##### Data section

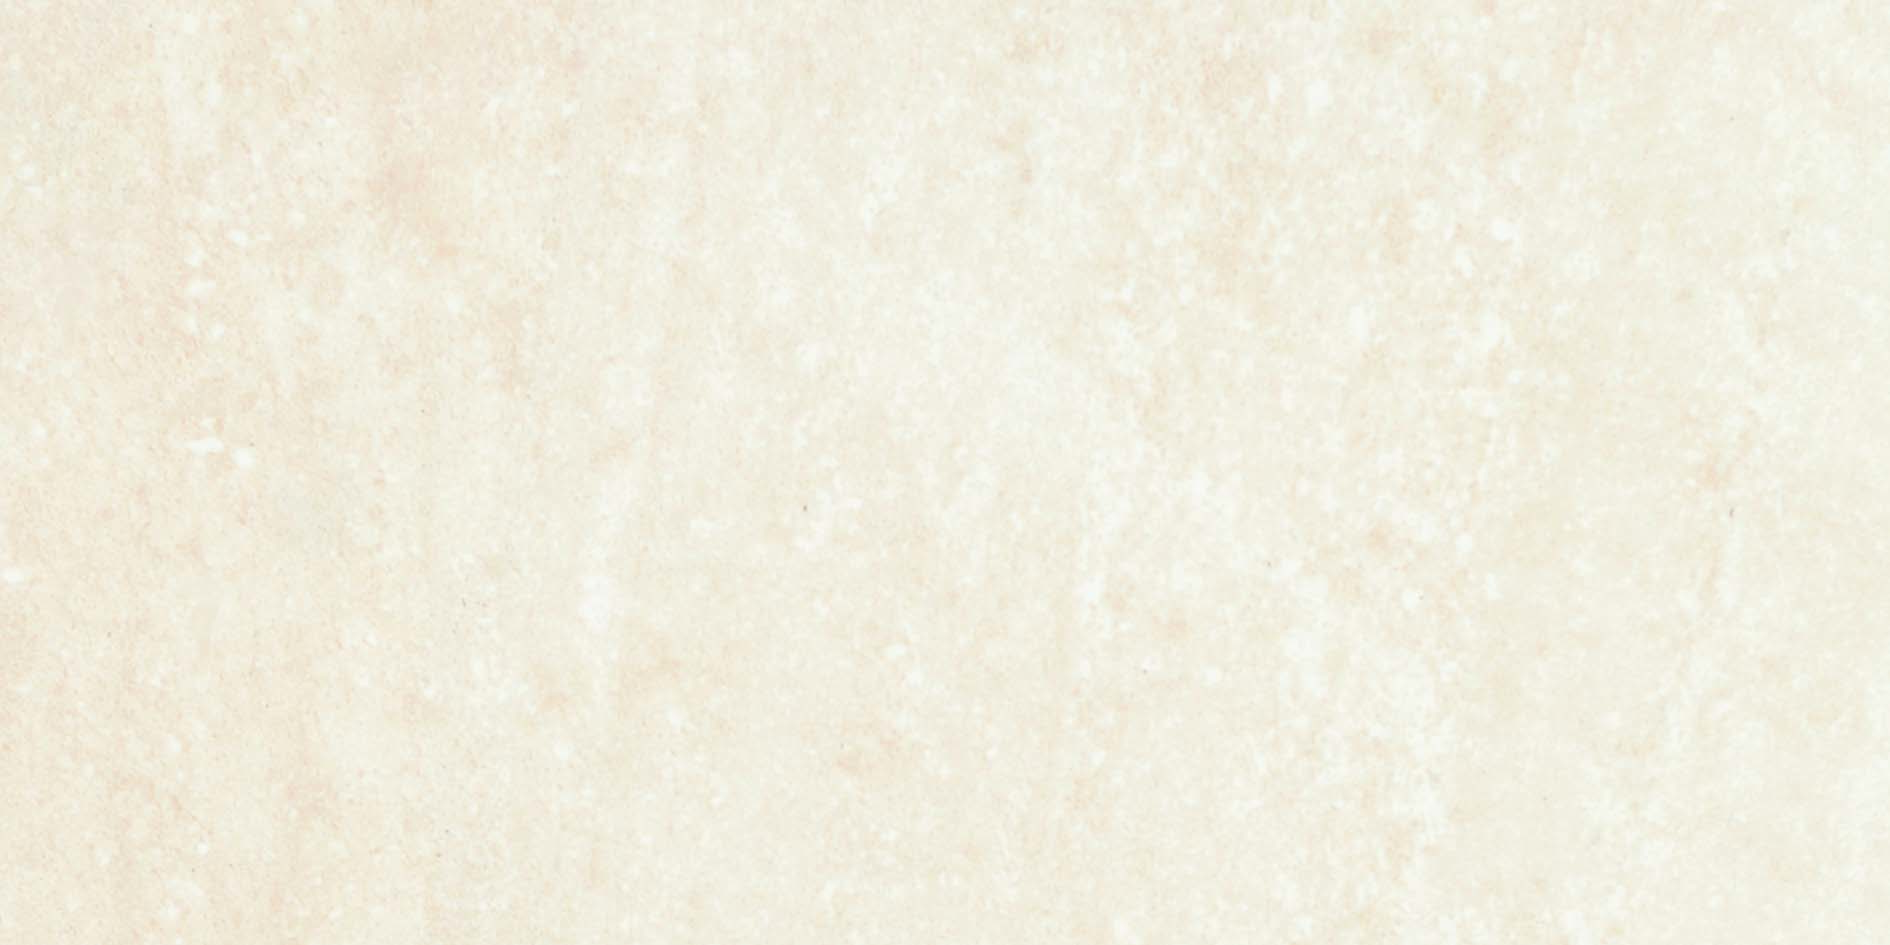 60x120 Pietra Pienza Tile Beige Semi Glossy
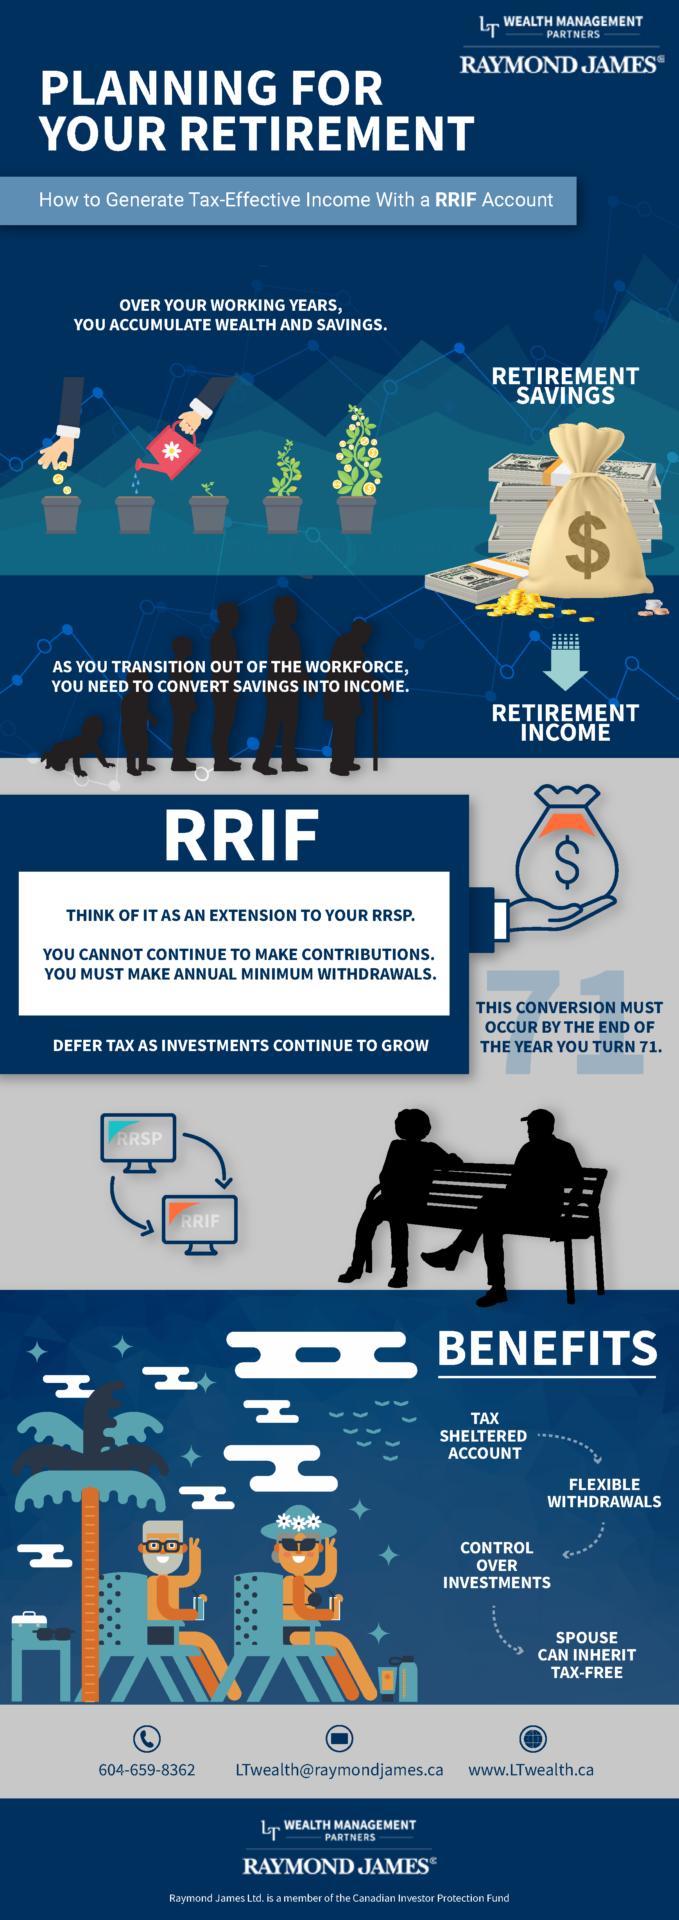 RRIF Infographic
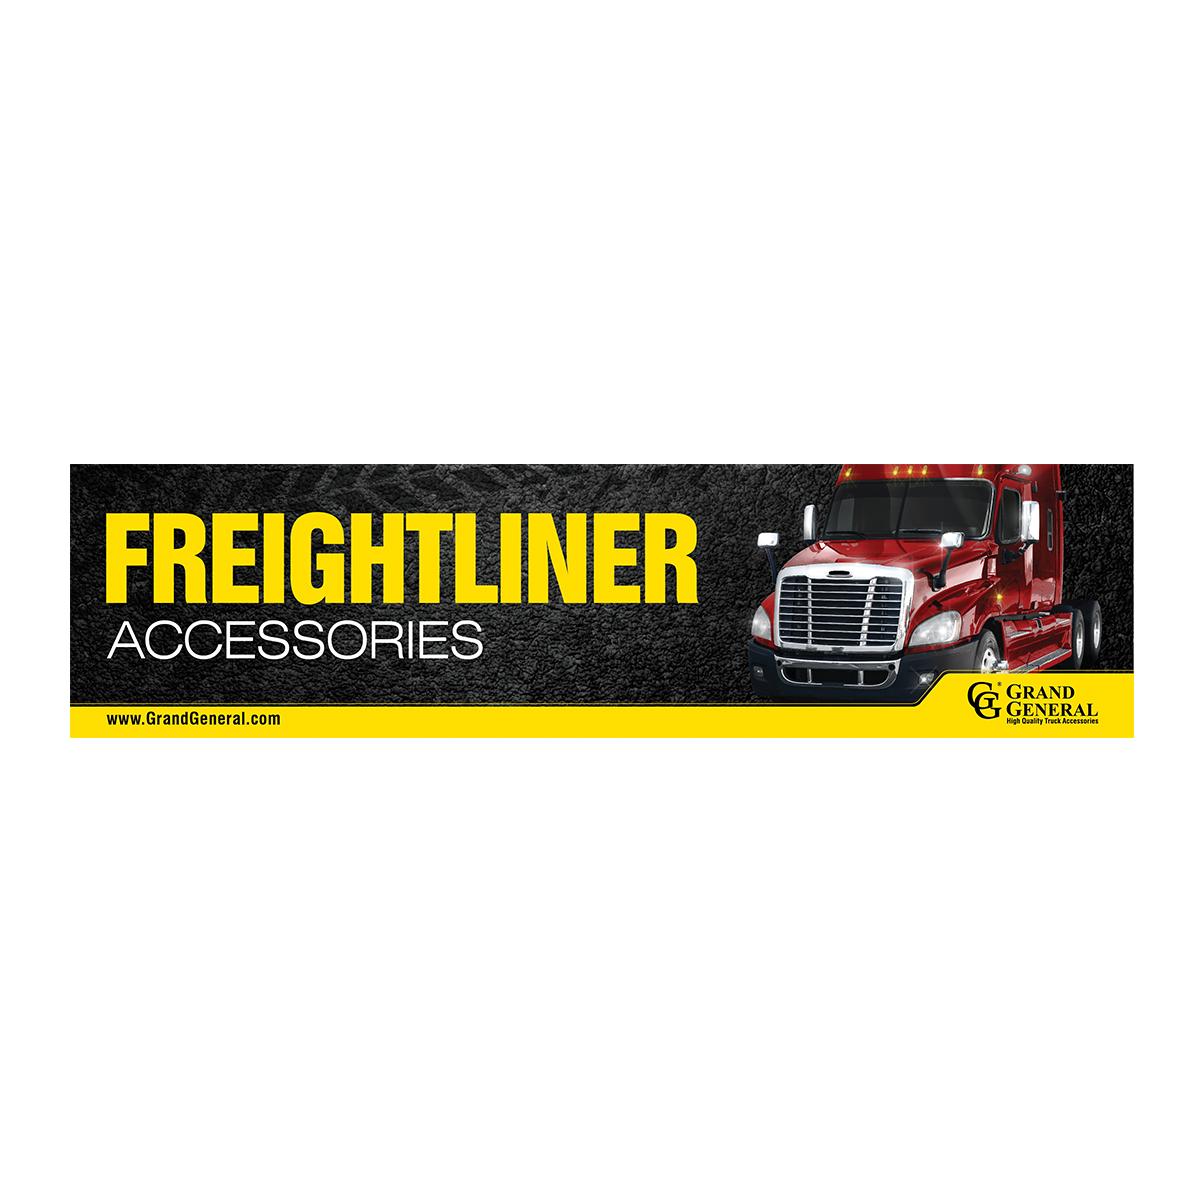 Freightliner Accessories Display Sign
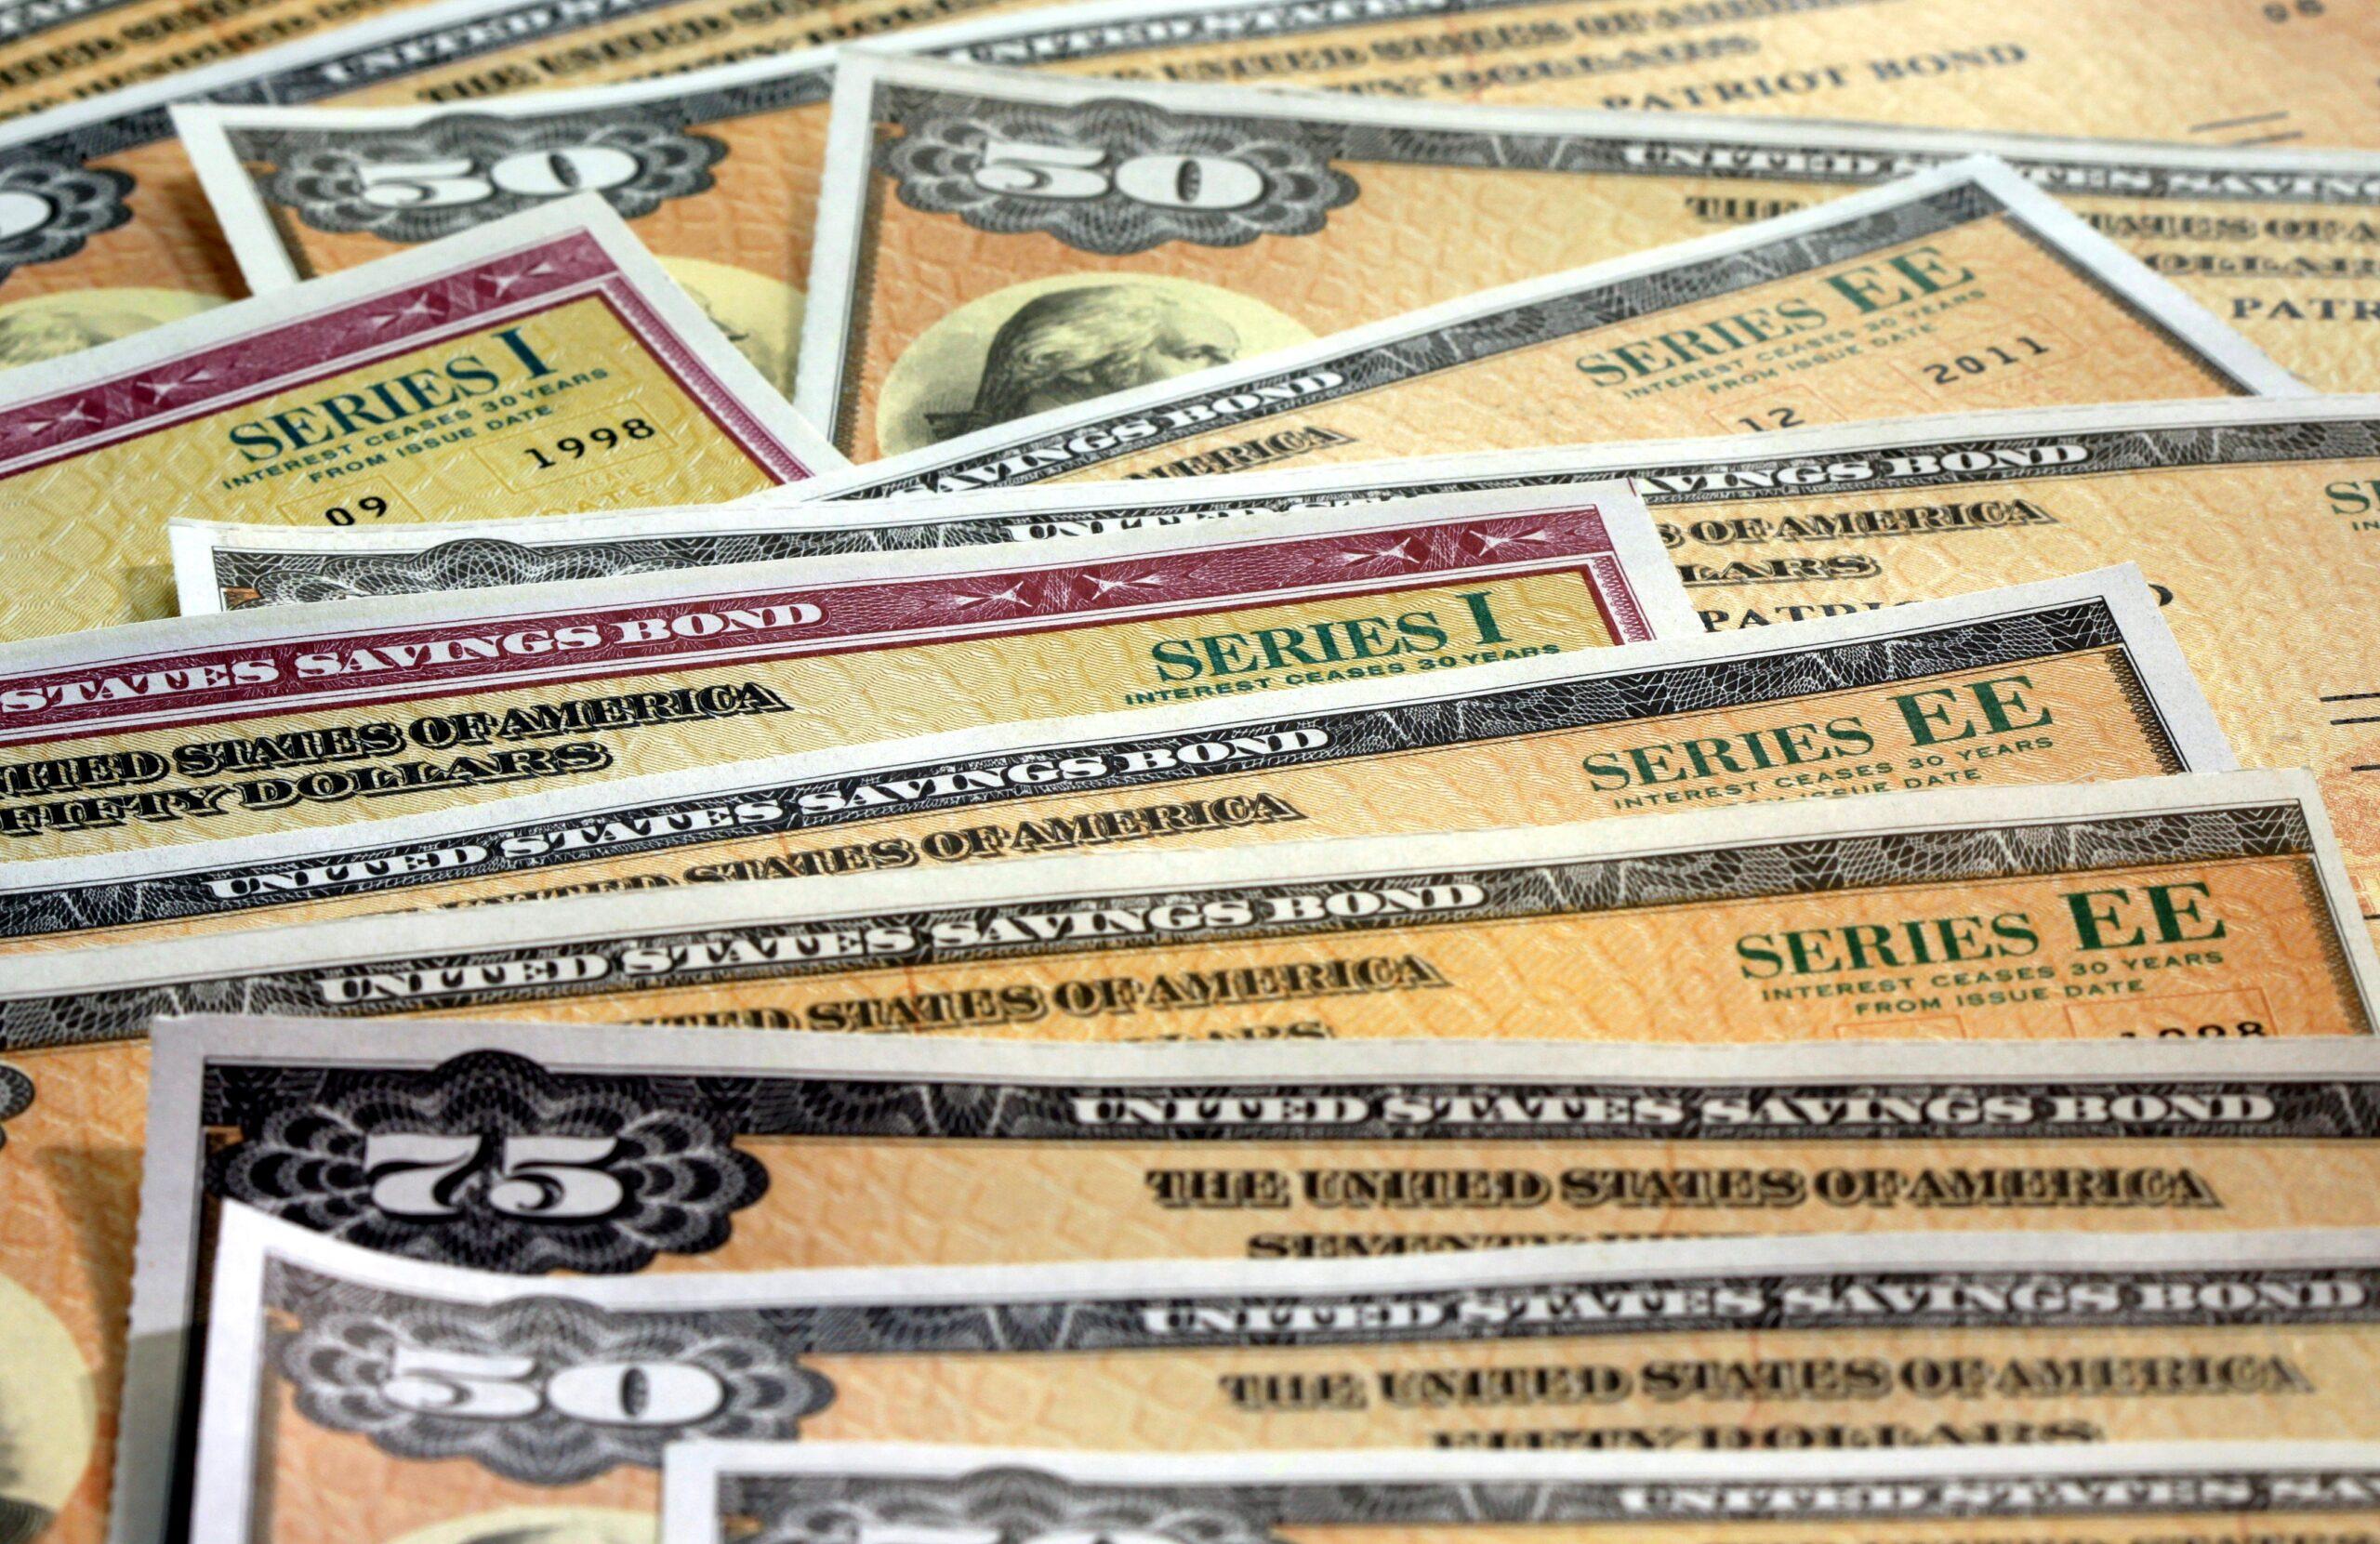 Series EE government bonds

##########

## Activity:
The required response consists solely of the lines from the line containing "RRIF Infographic" through the end of the listing, both ends included, copied exactly without pictures.

## The completed task:
 RRIF Infographic
 Freightliner Accessories Display Sign
 Series EE government bonds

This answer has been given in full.